What grief inspired her difficult daily walk? Was she driven by sorrow over a departed child or a deceased husband, the love of her life? No, the locals told Paterniti that she was driven by Astio, or bitter hatred. Her archenemy was buried in that cemetery. So, rain or shine, the old woman walked up the hill every day to her enemy's gravesite, just to spit on it one more time.
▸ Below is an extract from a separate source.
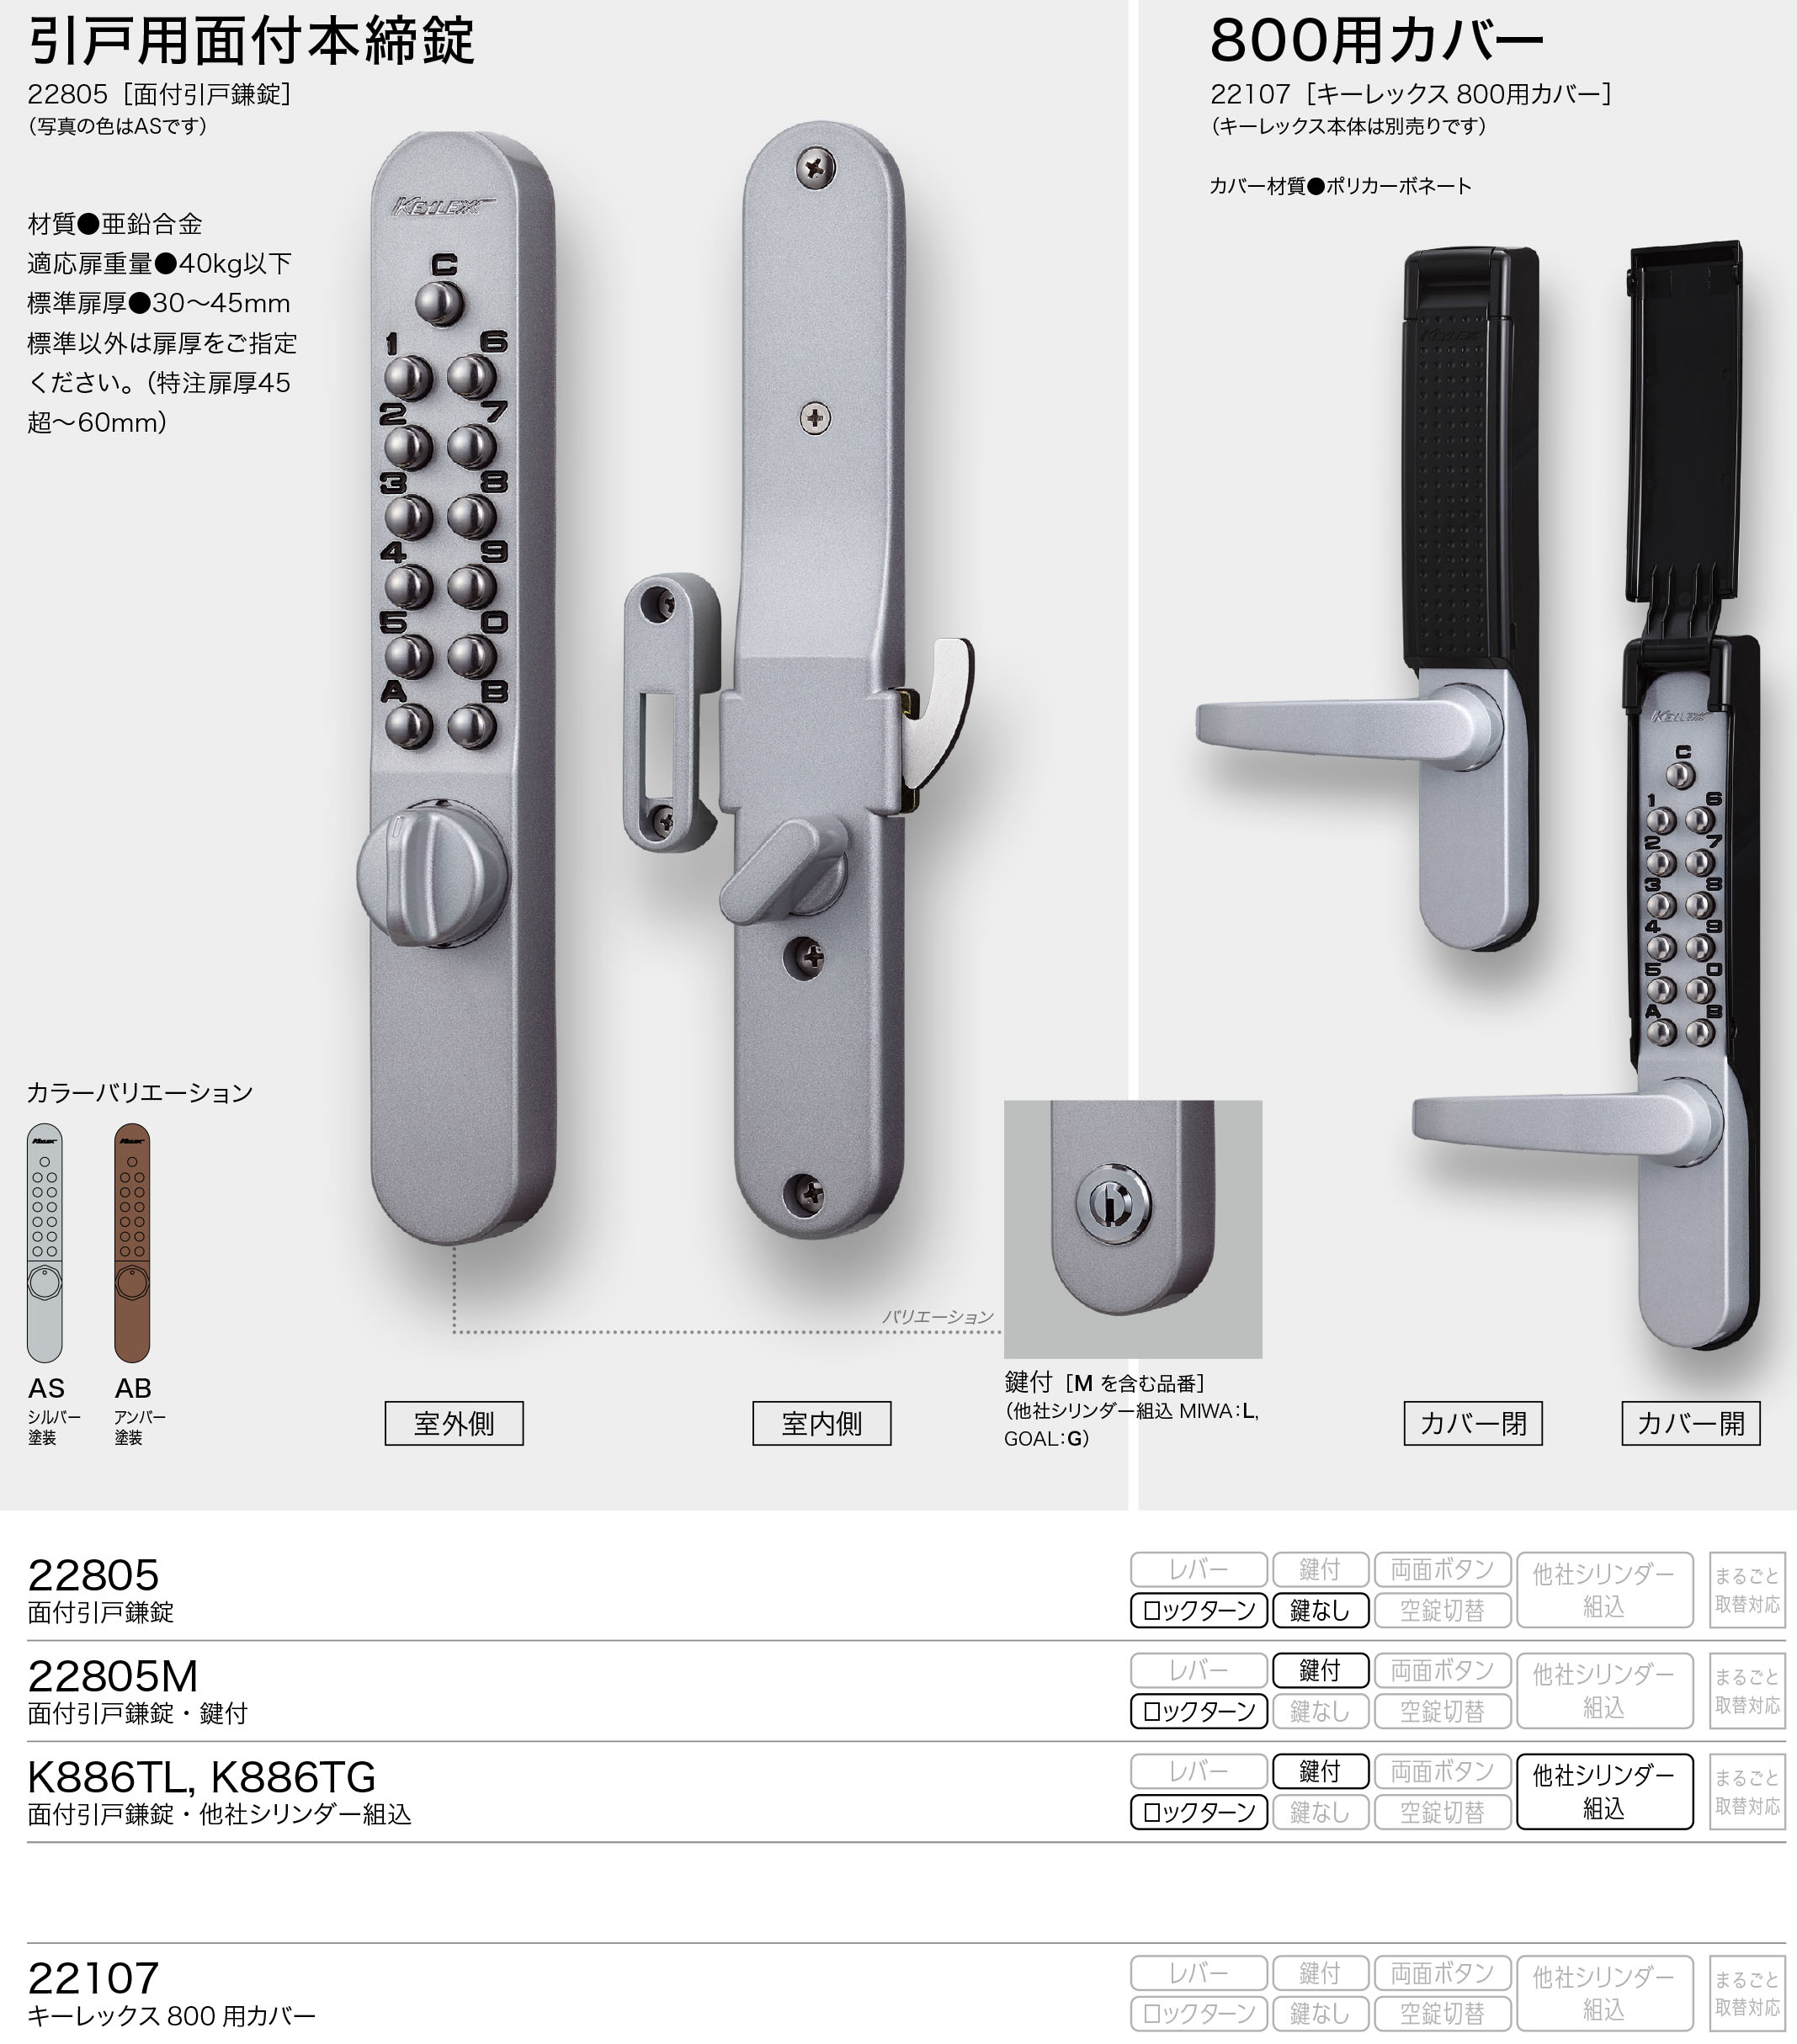 キーレックス 長沢製作所 Nagasawa Keylex500 框扉対応玉座取替錠 縦横の販売

The Barna Group recently published stats regarding forgiveness, gathered from The Mercy Journey Report: Although most Christians recall a point at which they gave no-strings-attached forgiveness, some express reluctance in specific cases. Around one in four practicing Christians (23%) has a person in their life who “they just can’t forgive.” Some traits stand out among those who say they have trouble forgiving someone. Theologically, this group is more likely to agree that people go to heaven because of good deeds (39% vs. 21% of those who can’t think of someone they struggle to forgive). Less than half feel that, in light of their faith, mercy is something that often influences their words or actions (46% vs. 67%). Perhaps unsurprisingly, two-thirds of these Christians (66%) can also think of a circumstance in which they don’t want to forgive someone. But this group might be compelled to extend more forgiveness: Among practicing Christians who claim there is an individual in their lives they can’t forgive, more than one-quarter (28%) admits they wish they could do so.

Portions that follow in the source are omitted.